The two sides worked until 2:00 AM on March 1 but could not even get close by 5:00 PM, the extended deadline from Rob Manfred. The players and owners teased us and then ripped our hearts out in the late afternoon.

I am not a Rob Manfred guy, and I think he has destroyed the game. The lockout began on December 2, and it’s now March 2. Three months have passed, and the players and league did not start realistically negotiating until the past few days.

This is unacceptable because Americans love baseball, and this was setting up negotiations to fail by the deadline not to cancel games. I do not want to lament whose fault this gridlock is because that’s pointless.

It will take both sides to reach a deal, and they are not even negotiating. If they missed the deadline and two series were canceled, you would think they would not walk away. That shows fans that both sides do not care about getting a deal done.
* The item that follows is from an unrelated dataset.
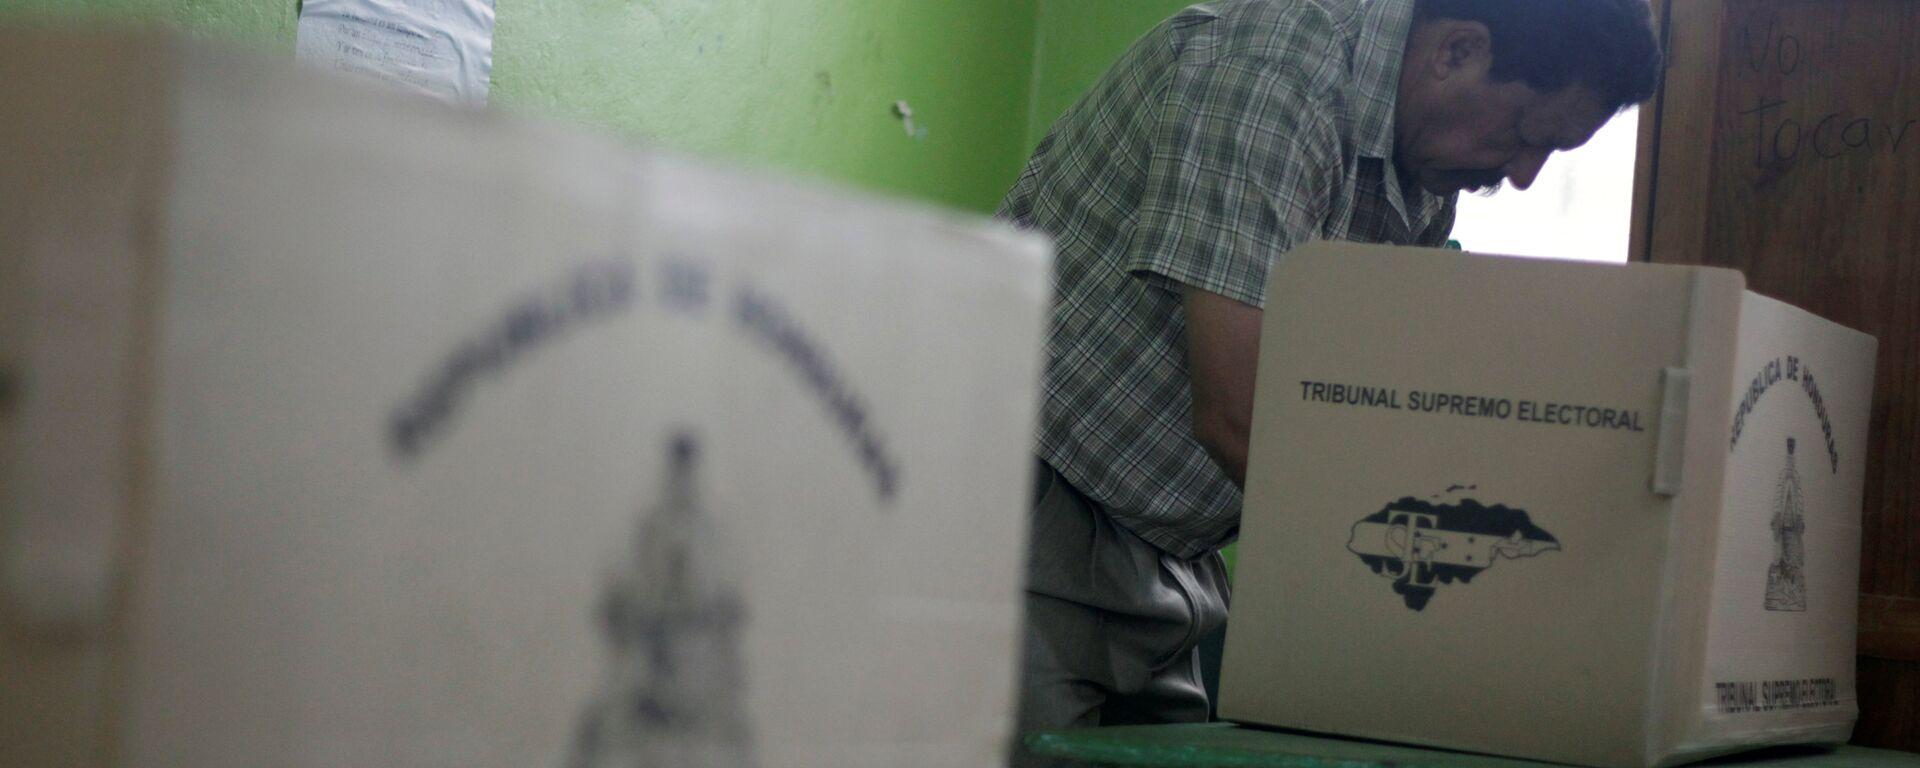 Elecciones en Honduras  - Sputnik Mundo, 1920, 12.03.2021

Every day that passes is probably another game that gets wiped from the schedule. The fact the two parties cannot even meet is ridiculous.

The league and players need to realize how much they are hurting baseball.

Baseball is dying, and they are facilitating the game’s death. The players and owners will be okay financially, no matter what side wins the negotiation. However, baseball may not be as lucky.

Fans are losing interest in the game, and this is the group that feeds baseball. Without fans, there would be no baseball. If the fans do not show up, buy merchandise, and watch the games at home, it’s hard to generate revenue.

How Popular Is Baseball, Really? - The New York Times

Lifetime fans are walking away from the game because two sides that make a lot of money cannot even get a deal done in three months.

Additionally, the tourism industry and people that work in baseball are caught in the crossfire. I am a Red Sox fan, and the first two series of the year were at Fenway Park. That is already six games out of 81 that will be cut from Fenway’s calendar.

Workers are losing money, restaurants are going out of business, and the love of baseball in the United States is dying. This should drive the players and owners to reach a deal.

Yet, they are not even in the same room as I write this article. It’s sad to watch baseball dying, and if a deal is not reached, it could be too late.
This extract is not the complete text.